Out West Arts: Performance at the end of the world

Opera, music, theater, and art in Los Angeles and beyond

It's The Pictures That Got Small

September 29, 2012

 
Amanda Detmer and Sanaa Lathan Photo by Michael Lamont/Geffen Playhouse 2012
Lynn Nottage’s most recent play By The Way, Meet Vera Stark has arrived in Los Angeles for it West Coast premiere this week at the opening of the fall season for the Geffen Playhouse in Westwood. The play is a distinctly light-hearted follow-up to Nottage’s last stunner of a play, Ruined about the atrocities of war faced by African women on this very planet in these very days. But even though we are making the acquaintance of Vera Stark for the first time, Nottage is treading territory and a certain light-hearted tone familiar to her audiences in such works as Intimate Apparel. Vera Stark is an actress in a time and place, 1930s Hollywood, where African-American women rarely get the opportunity to do any work at all in their chosen profession. In fact much of the evening deals with Stark’s relationships with the white folks she works with as she struggles to find her place in a town where she and her friends are largely unwelcome outside of serving in a variety of domestic and supporting roles both on screen and off.
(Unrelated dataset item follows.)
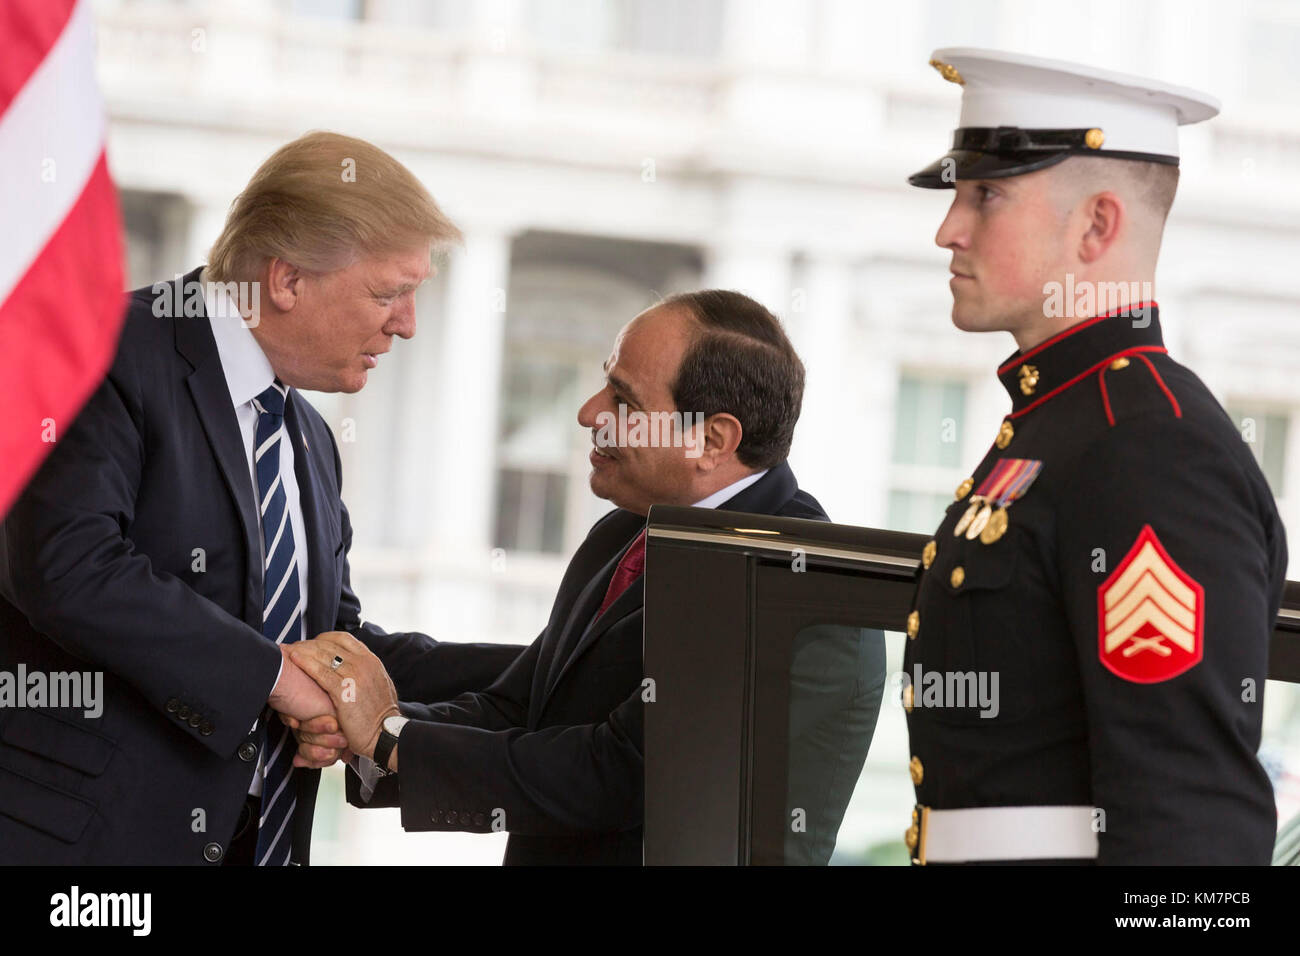 President Donald Trump welcomes Egyptian President Abdel Fattah el-Sisi, Monday, April 3, 2017, at the West Wing entrance of the White House in Washington, D.C. Stock Photo

But Stark, a sharp sly Sanaa Lathan, perseveres landing a large role, though it is still as a maid, in the fictional 1930s classic film “The Belle of New Orleans” opposite her white friend, cousin, starlet and employer Gloria Mitchell, played here by Amanda Detmer. This film will end up establishing Stark’s name in cinematic history and serves as the substrate for the play’s second act ostensibly set during a modern–day film conference where fake scholars debate the legacy of Stark while also revisiting her last filmed interview as part of an appearance opposite Mitchell in a 1970s TV talk show guest spot. If it sounds like the play gets “meta” it does. But not necessarily successfully. Filmed segments are mixed with live action here including a live performance recreation of the video interview segment from the 1970s. While the first half of the show has an almost madcap sitcom feel to it with Stark and her friends desperately trying to finagle roles in a big Hollywood film, the second half portends to be far more sophisticated. It rarely succeeds in getting there, though, as director Jo Bonney burdens the academic conference framing device with stock cartoon faux-academic caricatures that grouse and mug for comic effect in what struck me as an unintentional parallel to the minstrelsy that Stark and her friends find themselves constrained to recapitulate in an effort to work breaking down walls in their own chosen field.

It is the confused tone that makes By The Way, Meet Vera Stark most frustrating. The show goes deliberately for cheap laughs when in range of making its biggest points. Nottage also seems uncertain of how to balance this content against the drama of the interpersonal relationship and history of Mitchell and Stark, which at times is offered up as a mystery only to be abandoned in favor of other pursuits and never revisited. The play does cover territory worth considering, though, and despite its faults and the missteps of an overly jocular production, By The Way, Meet Vera Stark does manage to give voice to a particular moment in American cultural history with respect to African-American women that doesn’t always make it way on real life stages. The show continues at the Geffen through the 28th of October.